What `c()` is doing is combining all the elements given to it into a vector themselves. We can see that by running it on its own.

In [None]:
newvec <- c(30,34,38,42)
newvec
is.vector(newvec)

### Matrices and Data Frames

What happens when we are working multidimensional objects? Largely the same thing! Now we just need to refer to position by specifying `[row#, column#]`. It is the same process for whether we're working with a matrix or a data frame.

In [None]:
# make a matrix
mat40 <- matrix(1:40, nrow = 4, ncol = 10)
mat40
is.matrix(mat40)

# Get the first element (1)
mat40[1,1]

# Get the element from the 3rd row and 6th column
mat40[3,6]

# Get the fifth, sixth, and seventh elements from the 2nd row
mat40[2, 5:7]

# Get all of column five
mat40[, 5]

# Get all of row four
mat40[4,]

# Get the fifth, sixth, and seventh elements from the first AND 2nd rows
mat40[1:2, 5:7]

# Get the first and fourth elements from the third row
mat40[3,c(1,4)]

We have a bunch of flexibility here to call one element or multiple elements at the same time, the only restriction being that we follow the `[row#, col#]` syntax.

The process for data frames is pretty similar, albeit with one extension. Now that we have variables, we can combine a position call with the `$` for a specific variable.

In [None]:

sleepdf <- sleepdata %>%
    select(age, educ, exper, hrwage)
head(sleepdf)
nrow(sleepdf)
ncol(sleepdf)
dim(sleepdf)

is.data.frame(sleepdf)

# Get the first row
sleepdf[1,]

# Get the head of the age variable 
head(sleepdf$age)

# Get the fourth row element of column 4 (hrwage)
sleepdf[4,4]

# Alternatively, we can do the same thing by refering to the specific variable/column
sleepdf$hrwage[4]

Note that when we use the `$` to call a specific variable, __R__ now treats that variable as a vector, so we can refer to its elements with `[]` in one dimension. In that case, our call `sleepdf$hrwage[4]` gives us just a number, whereas the previous call of `sleepdf[4,4]` gives us the same value but presented in a 1x1 table.

## ggplot2

One of the sad facts about (most) economic research papers is that they don't always have the most aesthetically pleasing figures. For many data visualization applications or our own work we might want to have more control over the visuals and step them up a notch, making sure they convey useful information and have informative labels/captions. This is where the __ggplot2__ package comes in.

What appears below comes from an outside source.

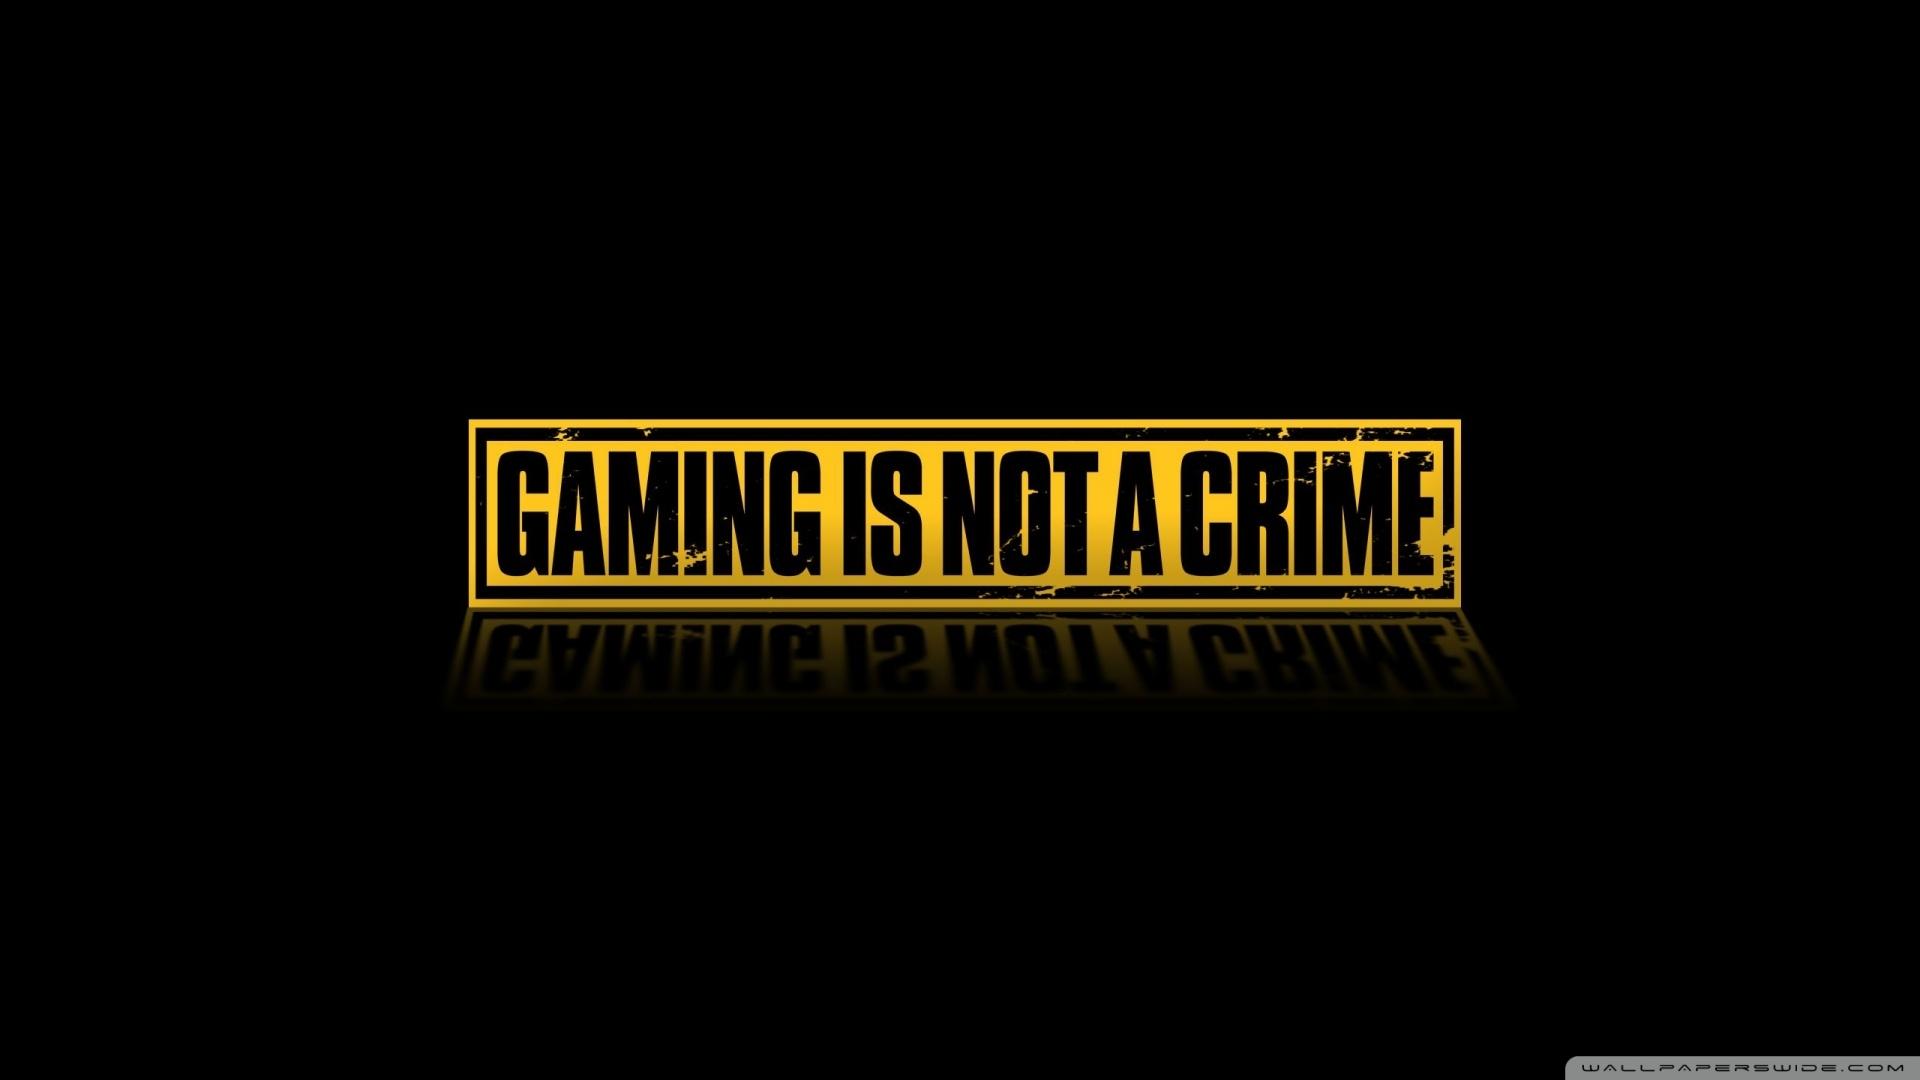 gaming is not a crime ❤ 4k hd desktop wallpaper for 4k ultra hd tv
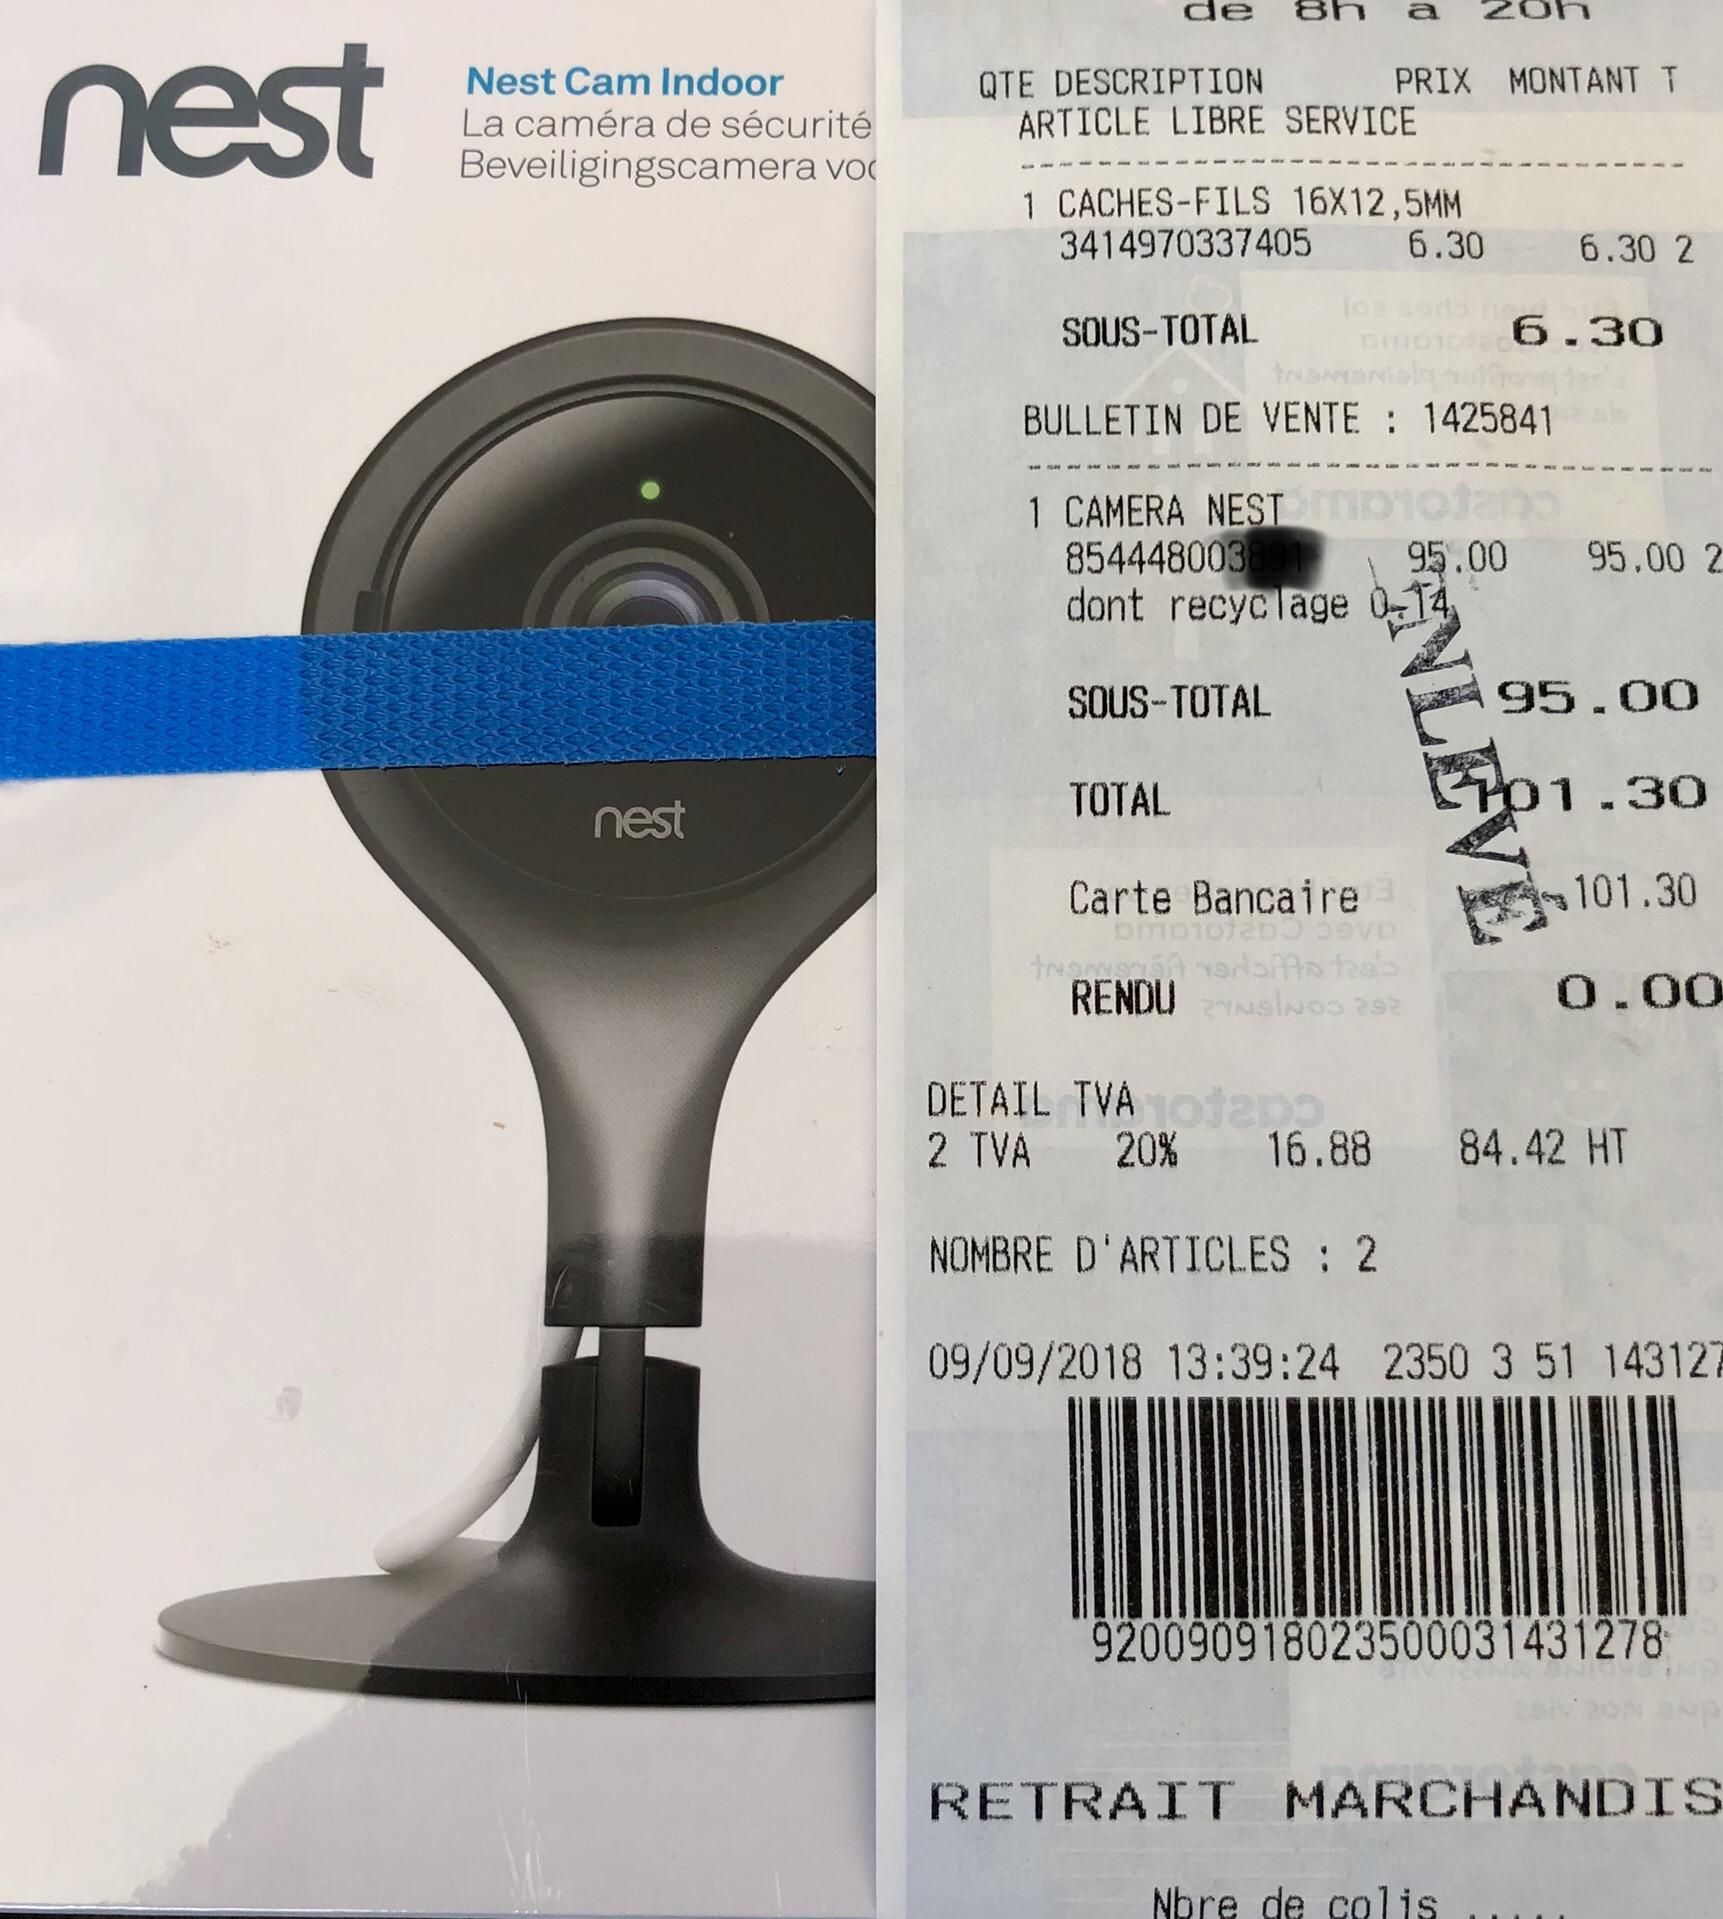 camera nest indoor castorama cormeilles en parisis 95. Black Bedroom Furniture Sets. Home Design Ideas

We started off using __R's__ built-in plot function, which let us produce scatterplots and construct histograms of all sorts of variables. However, it doesn't look the best and has some ugly naming conventions. __ggplot2__ will give us complete control over our figure and allow us to get as in depth with it as we want.

### ggplot2 Basic Syntax

Let's start by getting familiar with the basic syntax of __ggplot2__. It's syntax is a little bit different than some of the functions we've used before, but once we figure it out it makes thing nice and easy as we make more and more professional-looking figures.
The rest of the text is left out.